I think if the Dodgers win the World Series this year, all of the owners who say this
game is unfair and needs a salary cap are going to have another arrow in their quiver to fire
in that they're going to have the backing of fans who are just tired of the Dodgers at this point
and tired of seeing what they do. Are some of those owners going to be owners with payroll that
ranked in the top 30 of the USA Today 2002 baseball playoff or baseball payroll edition?
I go back to that all the time. I'll look back from 25 years ago and then I'll see a couple
salaries in 2025 and be like this salary would have been the entire payroll right right like
there's I mean seriously like anybody can do the exercise it's it's embarrassing for some of these
teams today like your payroll would have ranked like 26th into you know so you're just
sitting there I know like so I mean look the Dodgers part of it like I understand the angst
and all but them being good because they're like being expensive
and good, and now they think they're going to get all this public momentum to be like the
Dodgers are bad. The Reds are bad. The athletics are bad for baseball. It's not the Dodgers
fault. No, but the Dodgers win. And if another team wins and yours doesn't, that inherently
makes that other team bad. And is it fair? No, of course not. The Dodgers are just an extraordinarily
well-run machine. They're a really, really good business that everybody else is jealous of.

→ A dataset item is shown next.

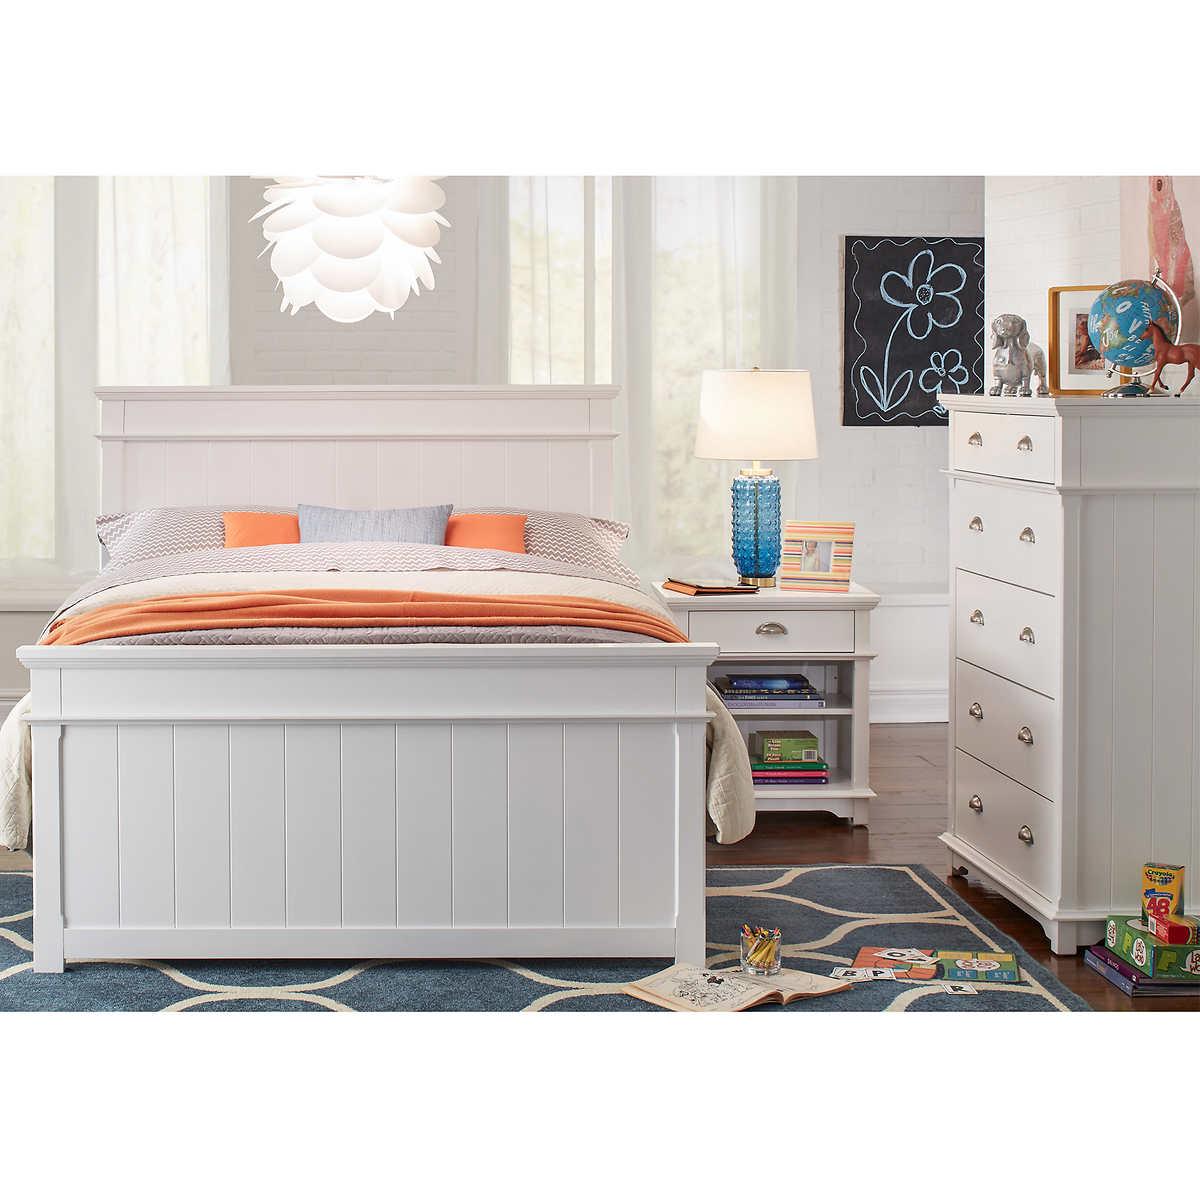 Annette 3 piece Full Bedroom Set. Twin Bedroom Sets
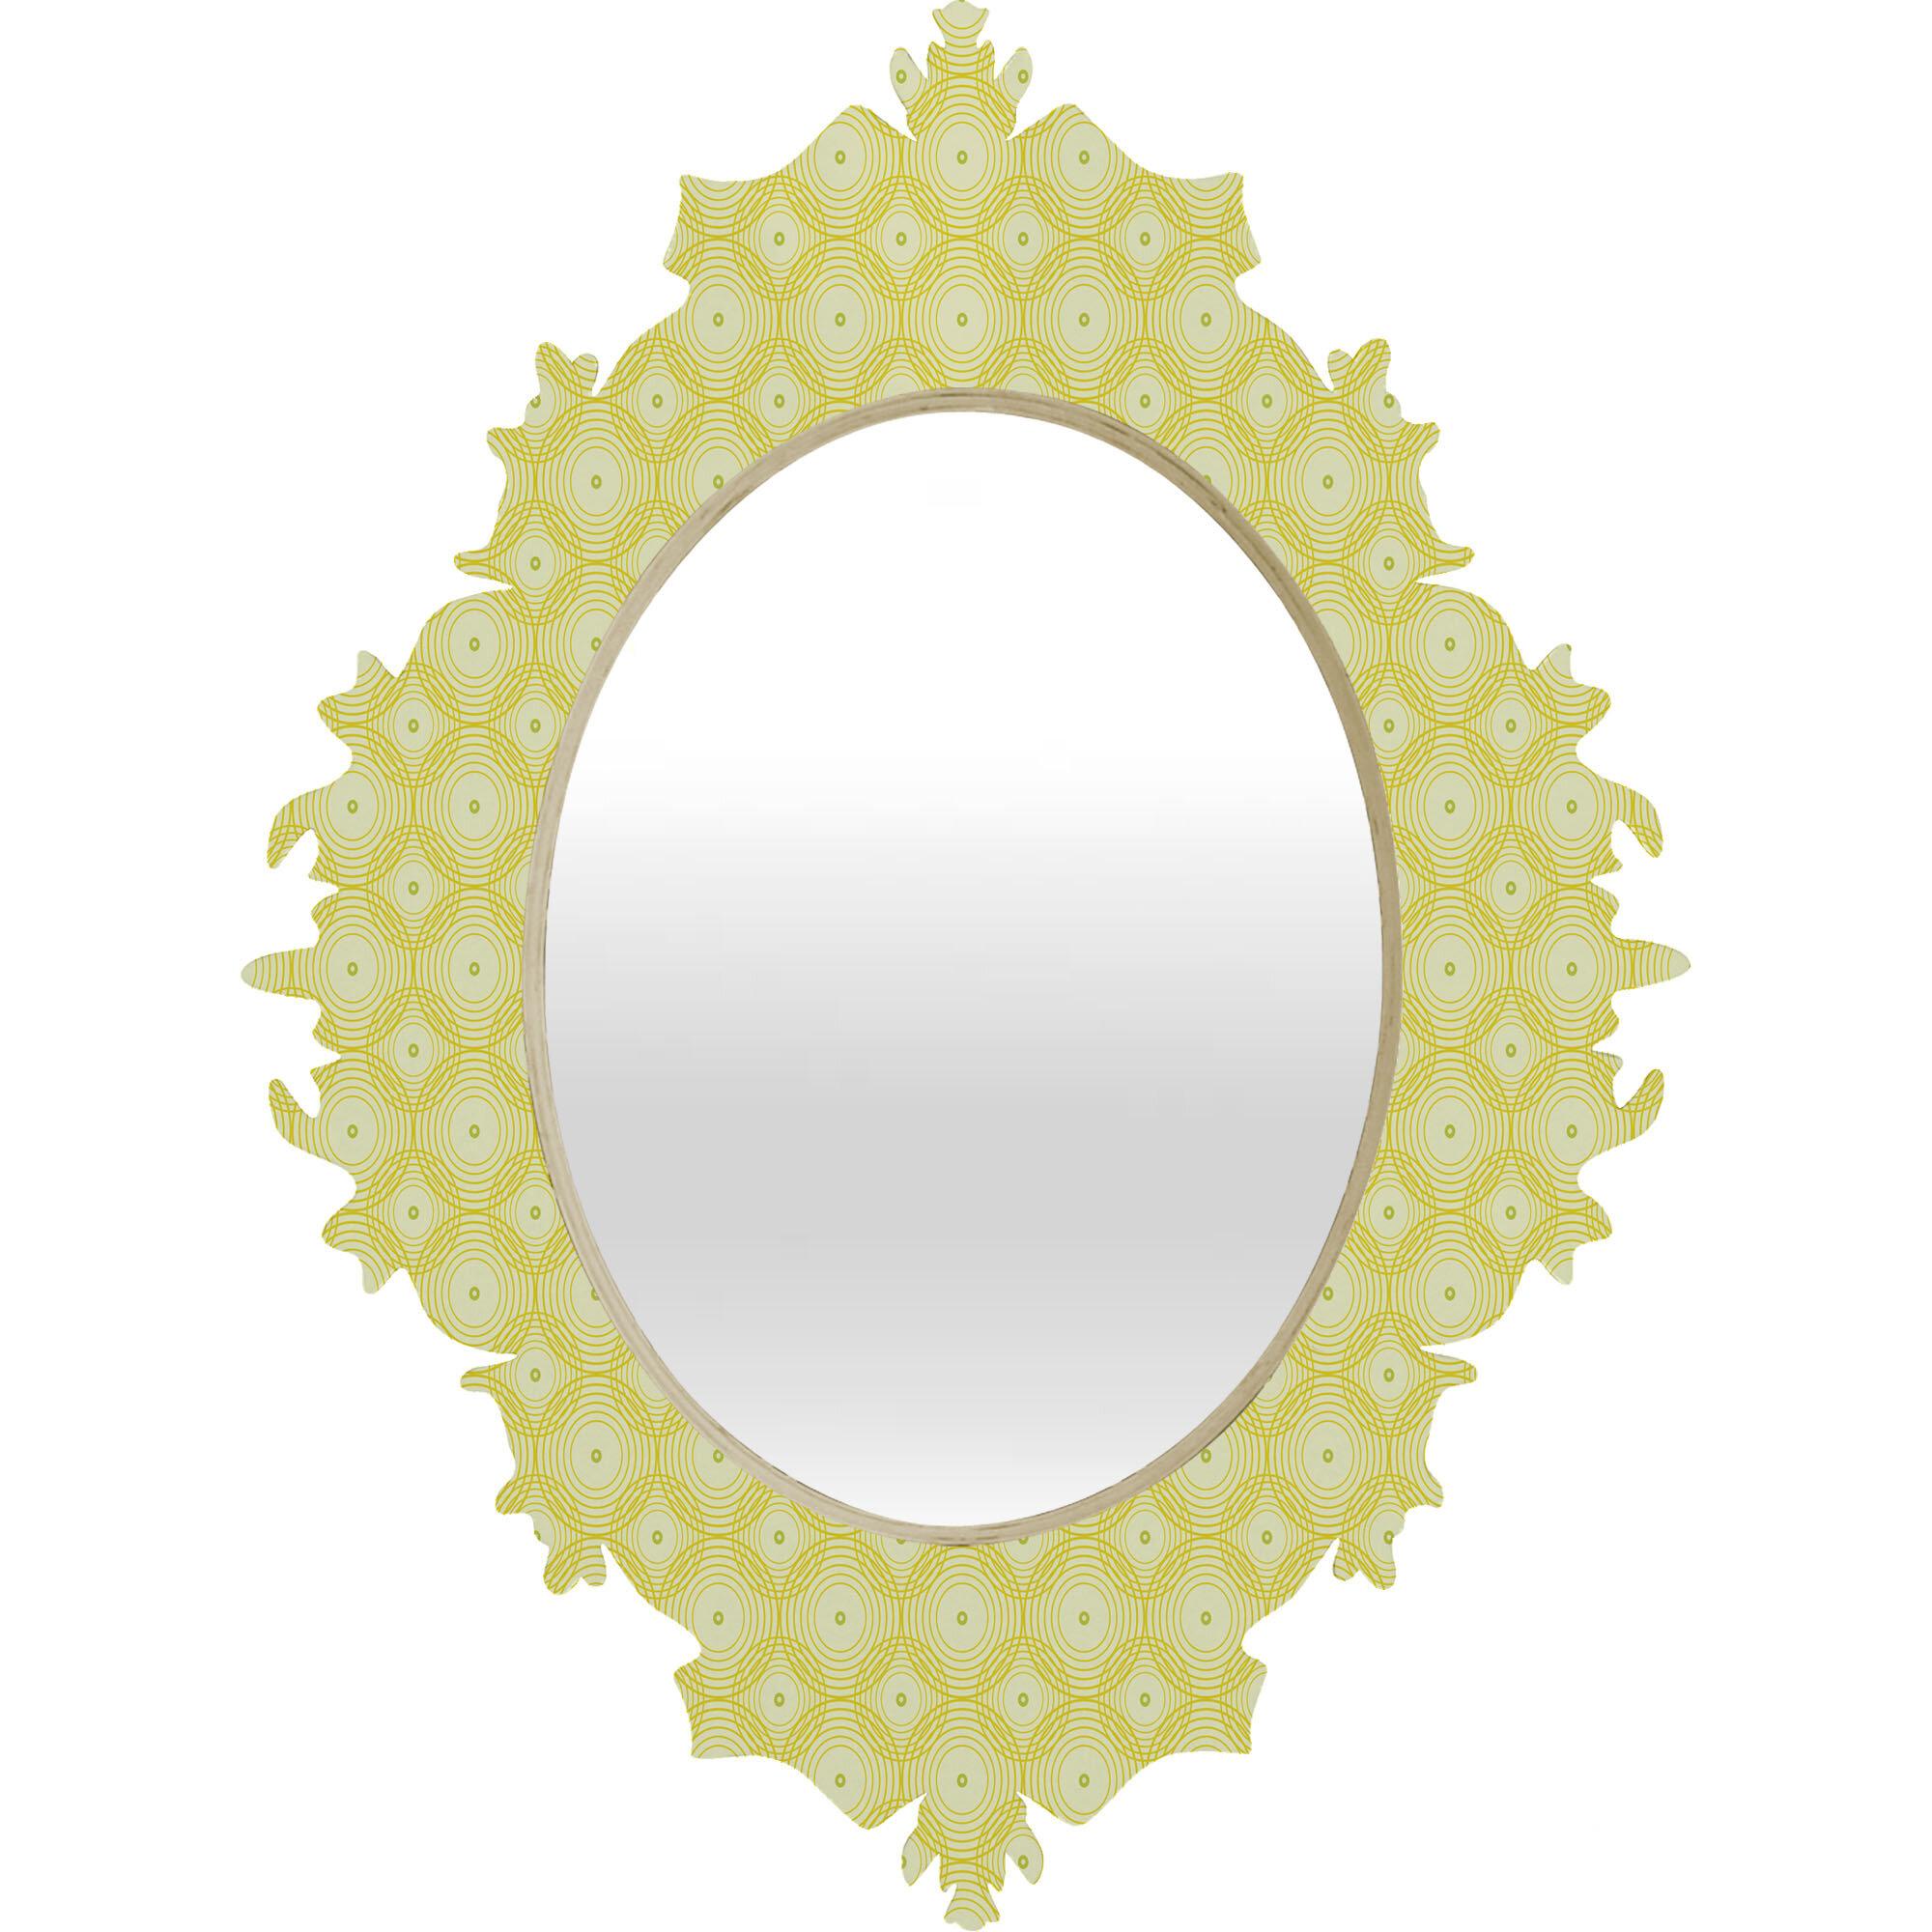 East Urban Home Spirals Baroque Accent Mirror | Wayfair

I think something I wrote earlier this week.
I had a paragraph in there where I tried to explain what the Dodgers do.
It was the story about how Roki Sasaki came back from throwing like 93 at AAA and found 100 miles an hour again and is now essentially Dodgers closer.
And it's a story of not just player development, but of exceptional communication inside of a large organization.
where in other places egos might have taken over
or there would have been some sort of glitch in the matrix.
What the Dodgers do, though, is so much better
than just go and spend money.
It's like you can have two things at once.
You can have a huge financial advantage over other teams,
but if you don't complement that with sound decision-making
and with good process and with the ability to look at a player
like Sasaki who's broken and put Humpty Dumpty back together again,
then you're like the 2010 Yankees, you know?
You're just loaded and, you know, not 20 times wrong.
It's more like the early 2000 or mid-2000s Yankees,
but those Giambi teams and those teams that just had nothing beyond those stars
who were past their prime.
That's what the Dodgers could be.
Instead, they're a machine.
And I think that's the most frustrating part.
They, not only do they have the most money, but they might have the most competency, too.
I'm doing this just because I wanted to make sure I followed up on it on the payroll stuff.
And now I have a million tabs open.
So I don't know what's going to happen here.
At what point, at what point do you have too many tabs in a window and you just start another window?
I'll just, I go, hey, guess what?
It's been too much.
you're not reading that article.
I hate those articles.
They sit there, dude, and they judge you.
I'm digitally judged by my browser.
And it's like, you are so lazy that you haven't read this.
I'm like, I know.
And I just click out another tab because I start feeling guilty.
I get browser tab guilt, and it's awful.
All right.
Well, I'm going to have to make this point another time.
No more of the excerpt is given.